NY bietet einen 200-Millionen-Dollar-Social-Equity-Fonds an, um Minderheitenunternehmen beim Verkauf von Gras zu helfen. Was ist mit New Jersey?

Startseite » NY bietet einen 200-Millionen-Dollar-Social-Equity-Fonds an, um Minderheitenunternehmen beim Verkauf von Gras zu helfen. Was ist mit New Jersey?
NY bietet einen 200-Millionen-Dollar-Social-Equity-Fonds an, um Minderheitenunternehmen beim Verkauf von Gras zu helfen.  Was ist mit New Jersey?

ANMERKUNG DES HERAUSGEBERS: NJ Cannabis-Insider ist Co-Gastgeber einer Cannabis Career Fair & Business Expo am 5. April an der University of Stockton. (Studenten frei.) Eintrittskarten hier.

Während New York um die Öffnung seines Cannabismarktes für Erwachsene kämpft, hat sein Gouverneur einen mutigen und innovativen Weg gefunden, den Befürworter der sozialen Gerechtigkeit nennen, um sich einen wirklich vielfältigen Pool von Bewerbern in der neuen Marihuana-Industrie zu sichern.

In ihrer Antrittsrede zum Bundesstaat am 5. Januar schlug Gouverneurin Kathy Hochul einen Fonds für soziale Gerechtigkeit in Höhe von 200 Millionen US-Dollar im Staatshaushalt von 216,3 Milliarden US-Dollar vor, der noch festgelegt werden muss, da der Staat seine Frist am Freitag verpasst hat. Die New Yorker Gesetzgeber sollen sich am Montag in Albany erneut treffen.

Der 200-Millionen-Dollar-Fonds, der aus öffentlichen und privaten Mitteln unterstützt wird, soll farbigen Unternehmern und anderen unterrepräsentierten Gruppen den Einstieg ins Geschäft erleichtern.

Obwohl der Idee Einzelheiten fehlen, sagen Hochul und seine Unterstützer, dass der Fonds darauf abzielt, Kapital für diejenigen bereitzustellen, die es am dringendsten benötigen, da die Kosten der Nachfrage eine echte Eintrittsbarriere darstellen.

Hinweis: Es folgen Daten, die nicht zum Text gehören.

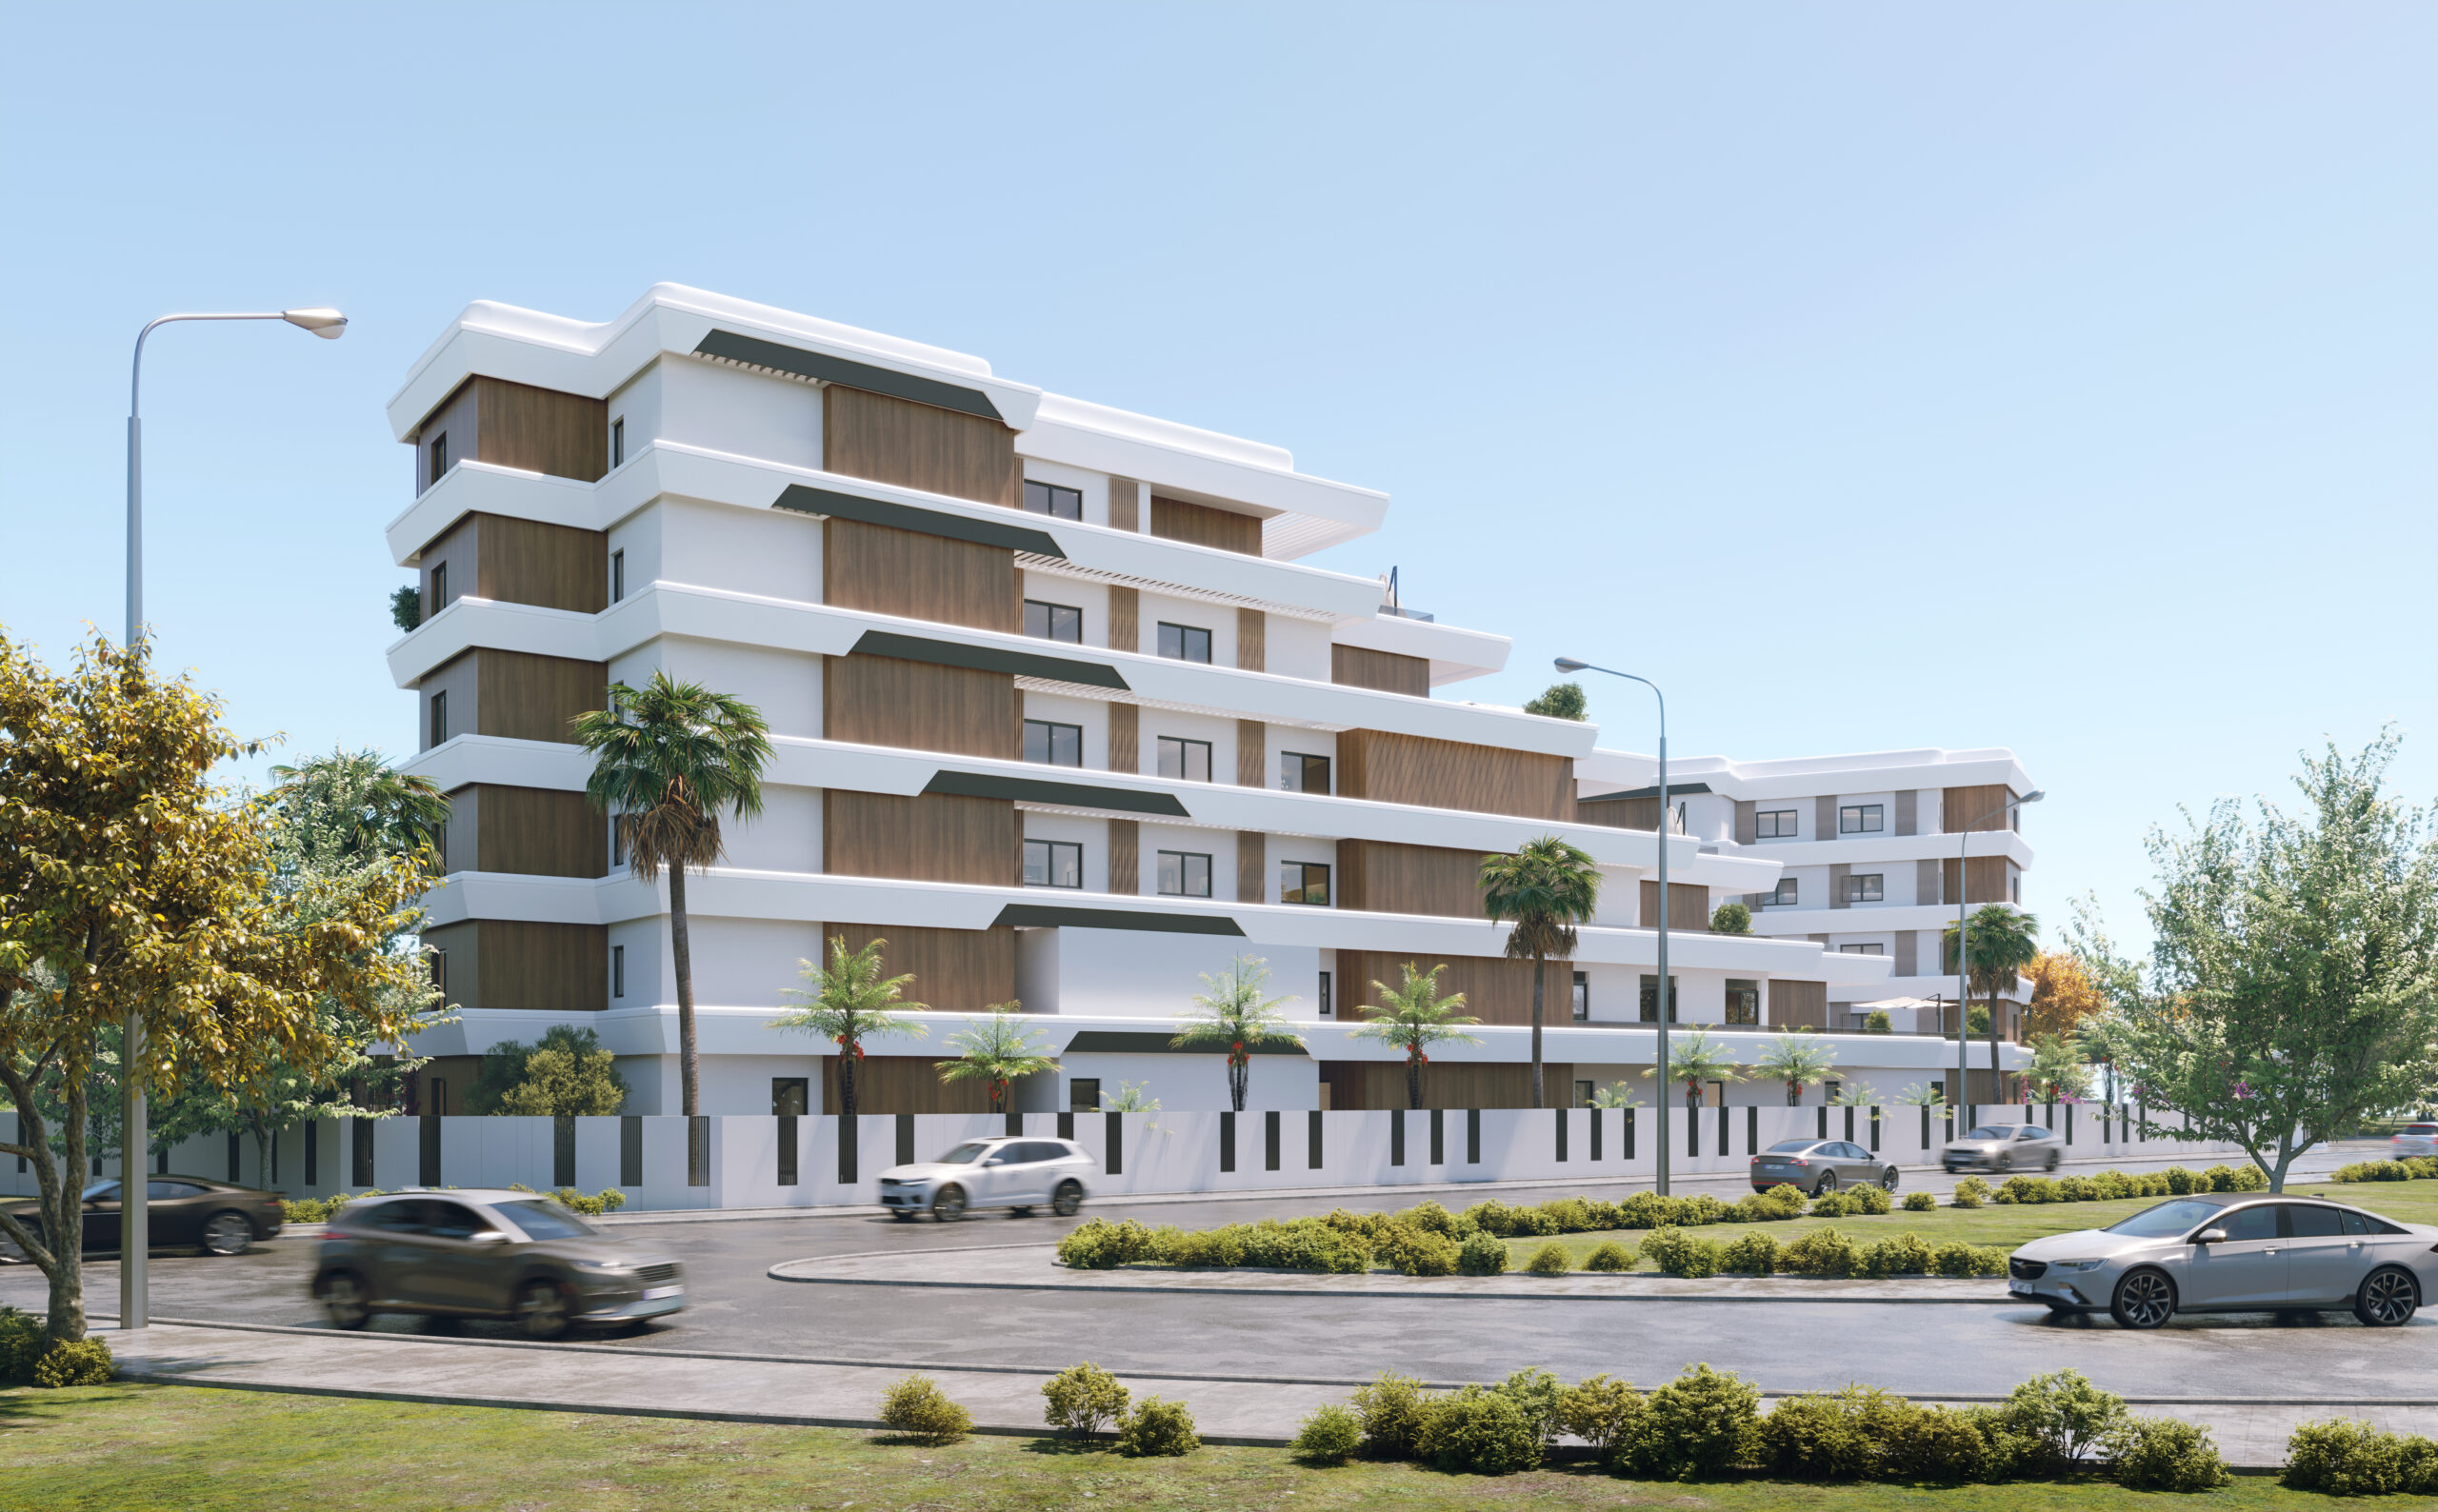 A new project in Antalya Altintas
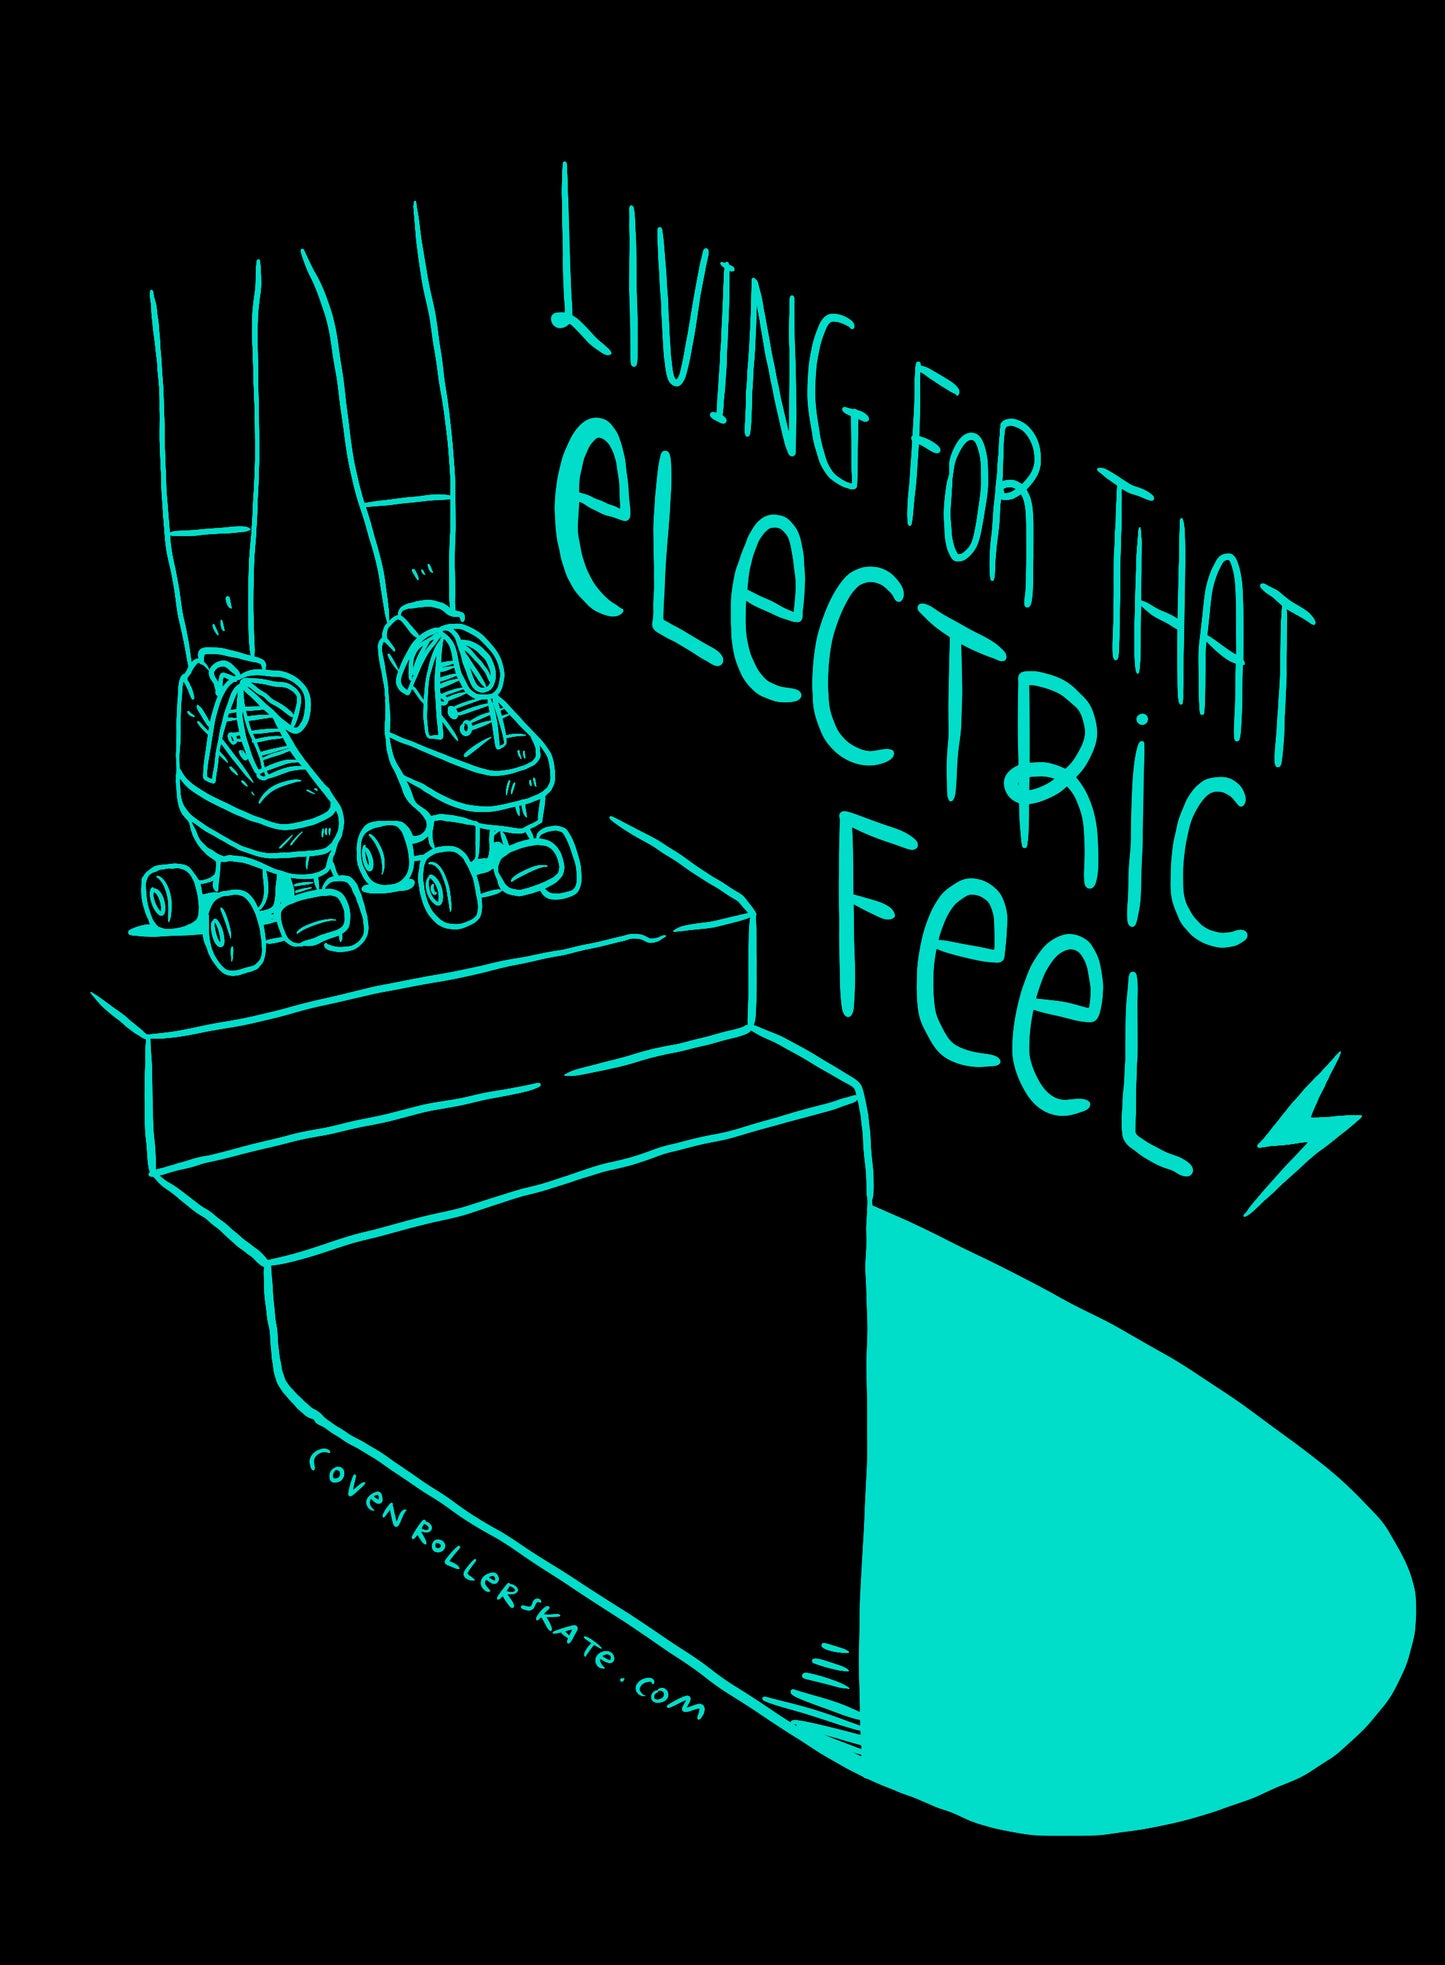 T-shirt Electric Feel by Coven rollerskate

Dies hat einige Anwälte, die kleine Marihuanazüchter und wohlhabende Investoren vertreten, dazu veranlasst, sich zu fragen: Warum nicht ein sozialer Aktienfonds in New Jersey?

Jeff Brown, Exekutivdirektor der Cannabis-Regulierungskommission des Bundesstaates, sagte, er finde die New Yorker Idee „interessant“, könne aber nicht auf einen ähnlich großen Vorschlag verweisen, um Vielfalt und Inklusion in New Jerseys junger Industrie zu gewährleisten.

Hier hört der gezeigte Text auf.